Taking a stroll into many conversations around the edu twitter chat world, one may walk away wondering if they are doing an effective job compared to those that they read. It seems that no one is ever struggling. No one fails. Schools are perfect and teaching, while hard, is still perfect. Every student and teacher has “choice”…whatever that is.
That’s the message that is being communicated…”We are all perfect.” I think that the problem with the chat is that when it comes to having reality-based conversations, we have yet to figure out how to keep it real. We’re not sure yet how to communicate about our true selves without losing ourselves and our jobs in the process and that makes for a pretty “vanilla” conversation.
What it boils down to is that when we have chats beyond the typical “tech chats”, we chat around topics…barely scratching the surface of our needs. We answer chat questions as if they were test questions. Heaven forbid that we offend someone. That could be “twitter deathly”, right? (Believe me, I’ve been called “Debbie Downer” on many occasions.) We want to make sure to post the “right” answers because truthfully, when the “truth” is vastly different from what we want…we can’t handle it.
If our intent in a conversation is to challenge ourselves and grow, how can that possibly happen if we aren’t willing to admit our struggles? You can’t grow without facing the truth of your own actions.
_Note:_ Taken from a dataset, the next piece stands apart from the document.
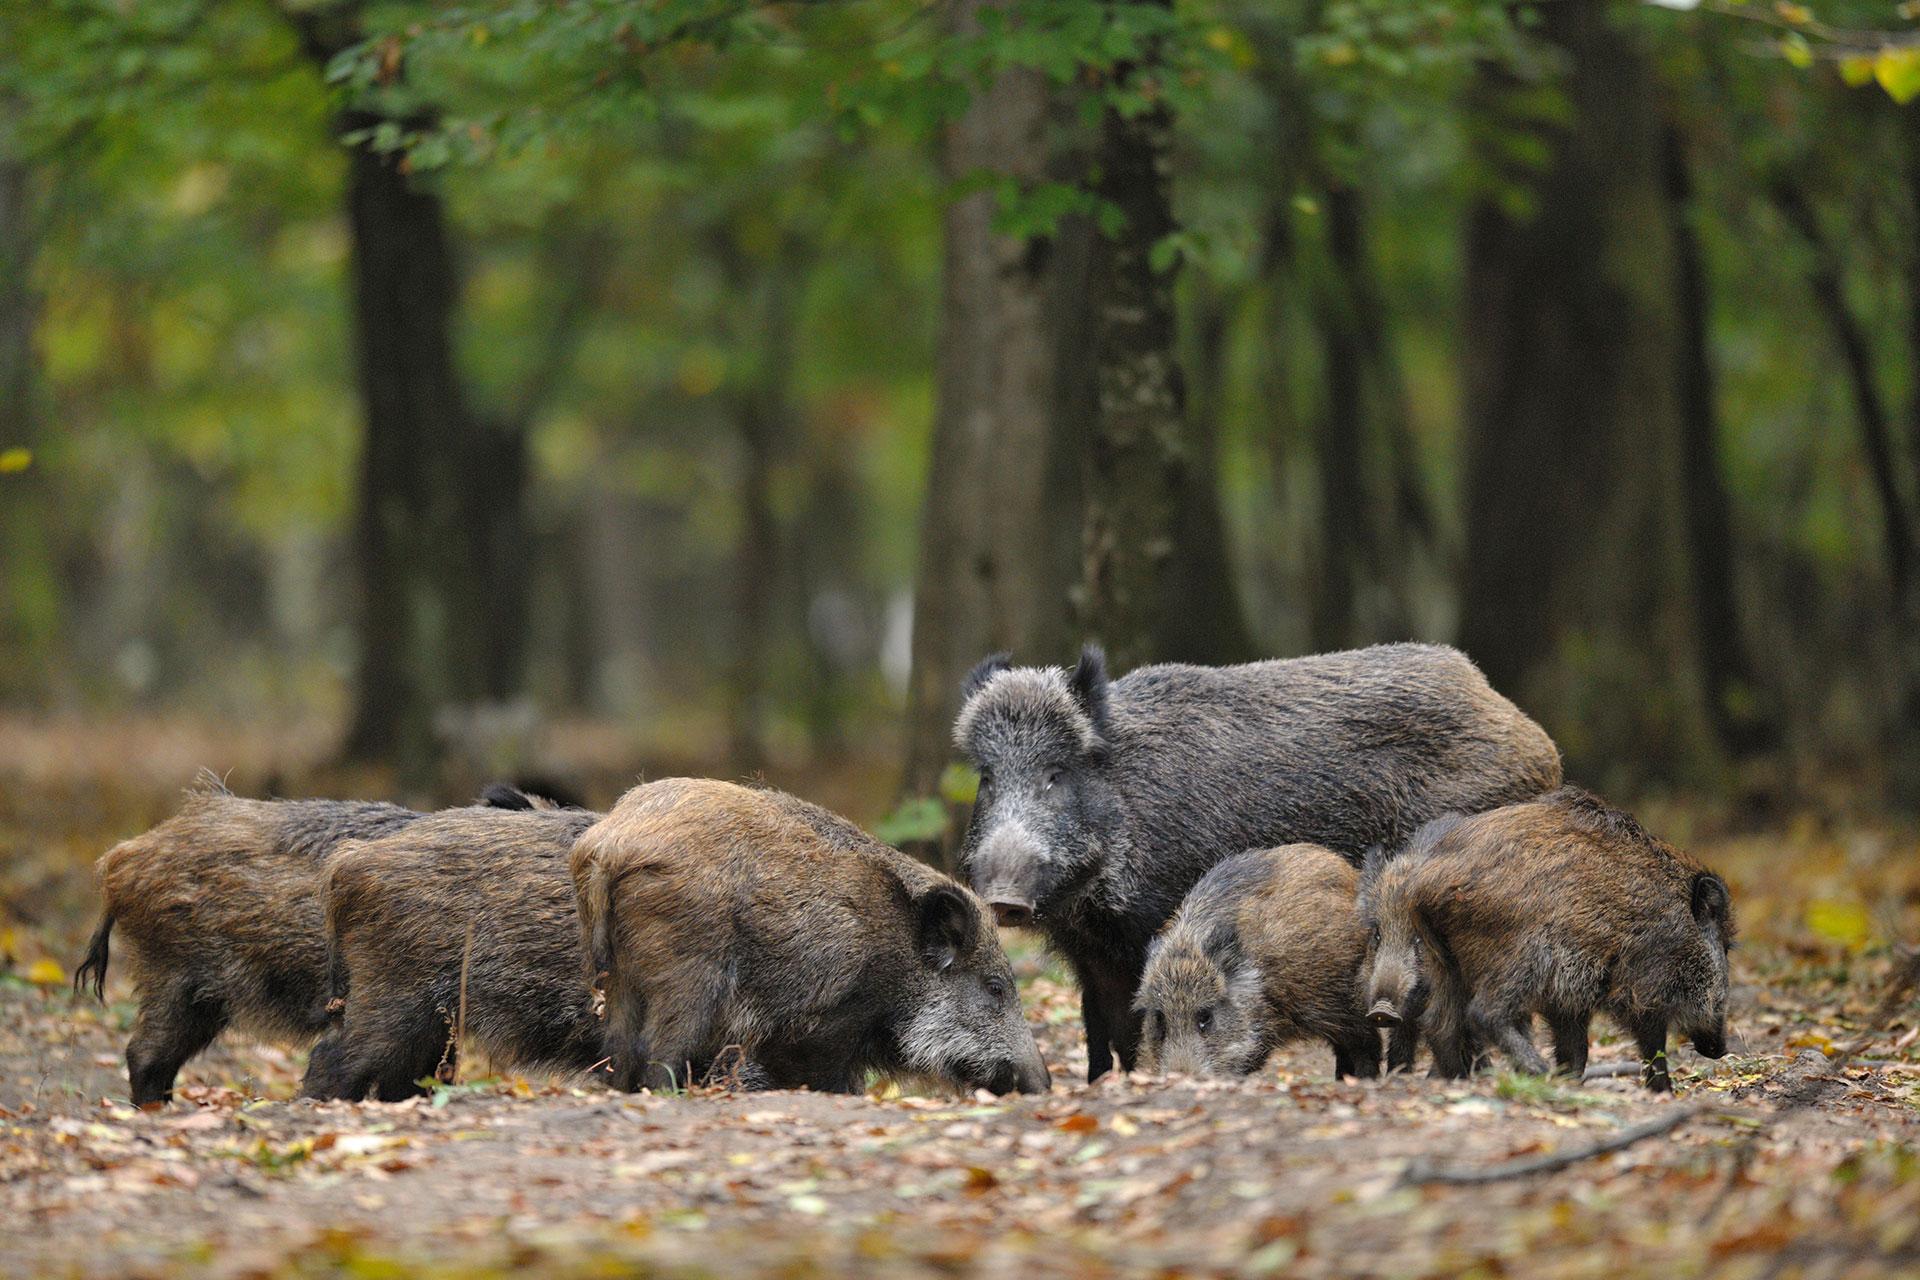 Wildoekologie Artenschutz Naturbildung

Yes, we must be careful to not throw our schools, co-workers, parents or students under the bus. Doing so would be career suicide. However, what is the harm in saying these words…
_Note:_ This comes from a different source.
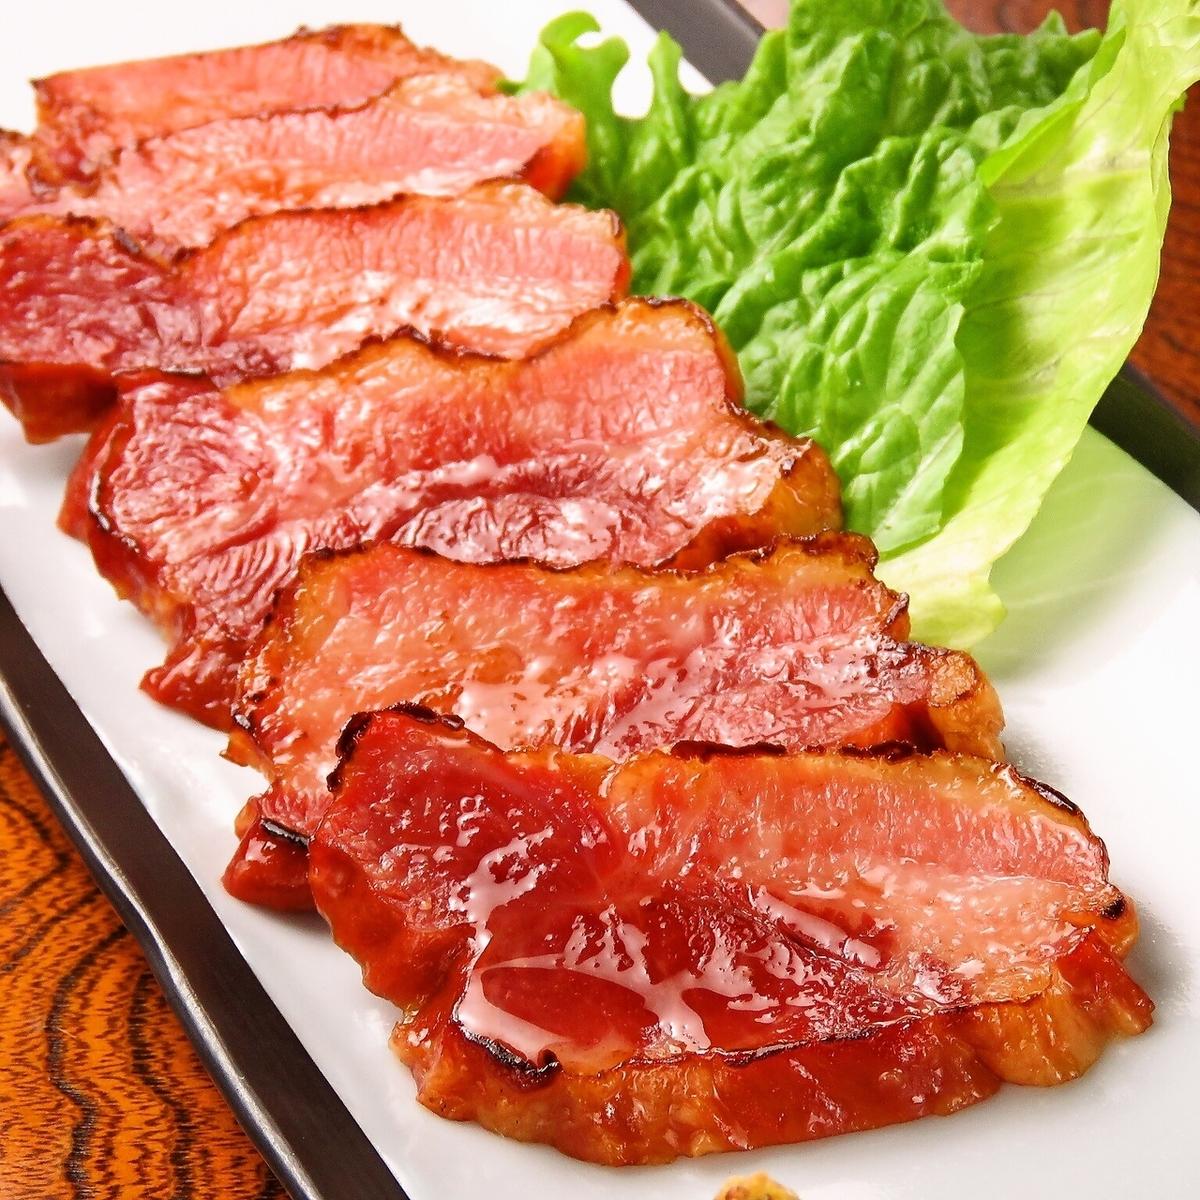 Okinawan pig bacon

“I struggle with ______________.”
I won’t pretend that I have all of the answers because I don’t. However, I do have faith in our collective intent and based on the responses that filled my “mentions” last night, I believe that others are ready to truthfully deal with the “chat truth” as well.
As a moderator, I have an idea of where we can start and it begins with holding ourselves accountable for crafting better questions…no different than we expect in a classroom. Don’t craft questions that can be answered with a simple, yes or no. Instead, craft questions that challenge the person on the other end to think deeper and reflect. In essence, your questions should in fact lead to more questions.
As a chat participant, please stop feeling the need to answer with the perfect response. If you have more questions, ask them! It’s okay and you need to know that not every response fits in a perfect A1, A2, A3 format. Sometimes there aren’t straight answers but more questions. For me, chatting isn’t about posting the most amazing “re-tweetable” response but about leaving the conversation with deeper understanding of a topic, myself or my actions.
I cannot speak for my school or district as a whole and I shouldn’t. I can only speak about my role and my own growth. I can talk freely about my successes and struggles without fear of the opinions of others because at the end of the day, the reflection on the other side of the mirror is my own.
It’s about time that we face our truths and handle it.